- Catcher
- Born: September 18, 1918 Maracaibo, Zulia, Venezuela
- Died: December 10, 2020 (aged 102) Guarenas, Miranda, Venezuela
- Batted: RightThrew: Right

Member of the Venezuelan

Baseball Hall of Fame
- Induction: 2006 (as part of 1941 AWS team)

Medals
Men's baseball
Representing Venezuela
Amateur World Series
| Gold medal – first place | 1941 Havana | Team |
| Gold medal – first place | 1944 Caracas | Team |
| Gold medal – first place | 1945 Caracas | Team |
| Bronze medal – third place | 1942 Havana | Team |

= Enrique Fonseca =

Venezuelan baseball player (1918-2020)

Moisés Enrique León Fonseca (September 18, 1918 — December 10, 2020) was a Venezuelan baseball player. Nicknamed "Conejo" ("Rabbit"), he played with the Venezuela national baseball team, as well as several seasons with Cervecería Caracas / Leones del Caracas in the Venezuelan Professional Baseball League (LVBP).

== Career ==
Fonseca, along with Luis Romero Petit, debuted with the Escogido club of the Zulian amateur circuit in 1936, in a game against Centauros. Though his paternal last name was León, he elected to go by Fonseca, as he felt it sounded "more Zuliano."

He played third base and outfield for various teams in his native Maracaibo, until he took over the catcher position with the Puma team, with which he won several titles as batting champion. "Conejo" Fonseca also played with Centauros and with Gavilanes de Maracaibo, competing in the Zulia championships until 1940. In 1941, he played with the Vencedor club from Valencia, Carabobo, and later played with Vargas club in the Caracas first division baseball championship.

Fonseca was named one of the two catchers, along with Guillermo Vento for the Venezuelan national team that would play at the 1941 Amateur World Series in Havana. He finished the pre-selection games as the batting champion and best catcher, was among the first selected for the national team. Fonseca served as the backstop for Daniel Canónico, catching all five of "Chino"'s victories in the tournament. That included the tie-breaking championship game against heavily-favored Cuba, which saw Fonseca and Canonico face-off against the battery of Conrado Marrero and Andres Fleitas. Venezuela won the game in upset fashion to earn its first world championship. Fonseca and the rest of the Venezuelan team were feted in their native country as the "Heroes of '41" (Heroes del '41).

He appeared in two more championship squads for Venezuela, in the 1944 and 1945 Amateur World Series. In the 1945 series, he was among the best hitters in the tournament, with a .395 batting average.

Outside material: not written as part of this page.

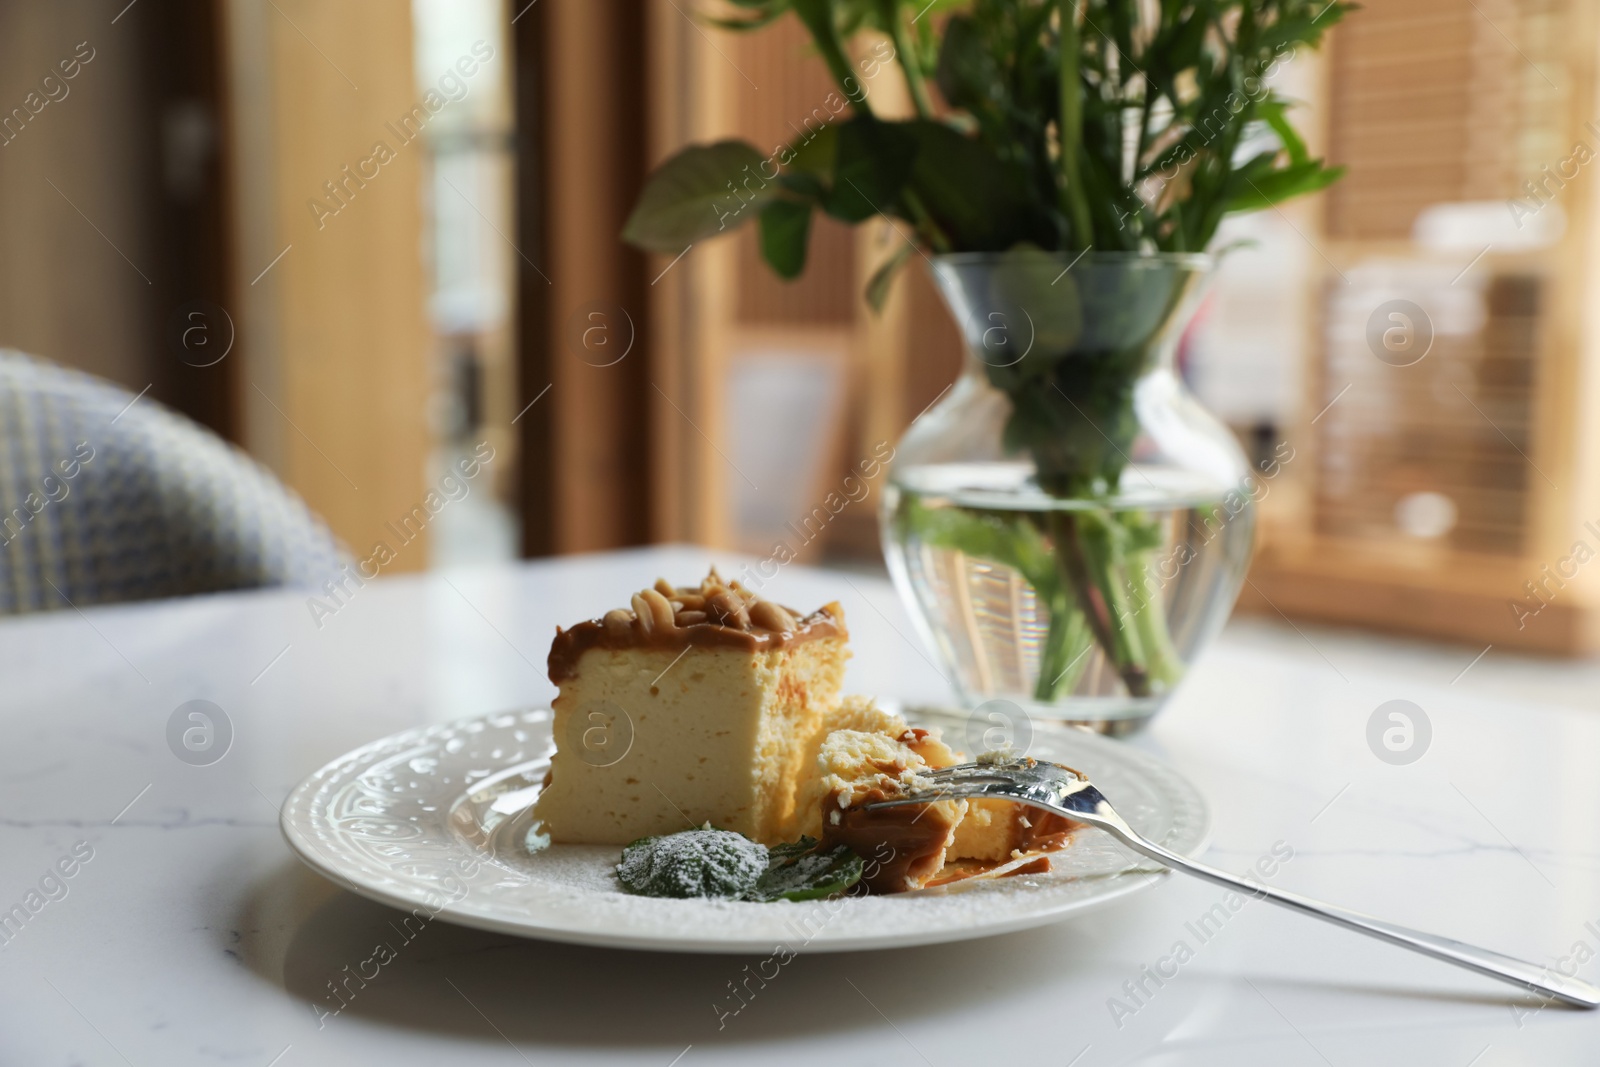 Photo of Tasty dessert and vase with flowers on white table indoors

"Conejo" Fonseca was the starting catcher for Cervecería Caracas from 1943 to 1950. Along with Vidal López. Luis Zuloaga, and José Antonio Casanova, he was one of the players who contributed to the club's first pennant victory in 1943. After the first division circuit went professional in 1946, he hit his only LVBP home run in the first professional game between Caracas and Magallanes on January 24, 1946, a four-run shot that secured the team's 7-6 victory. He also appeared in exhibition tournaments against Negro league baseball all-stars (the Serie Monumental) as well as against the New York Yankees. Conejo Fonseca was part of the Cervecería squad, composed entirely of Venezuelans, at the inaugural 1949 Caribbean Series.

Fonseca retired from professional baseball in 1953. Over his professional career, he batted .210, appeared in 183 regular-season games in seven seasons with Caracas.

After his playing career, he worked as a school teacher and bus driver. At the time of his death, he was the last living member of the 1941 Amateur World Series team.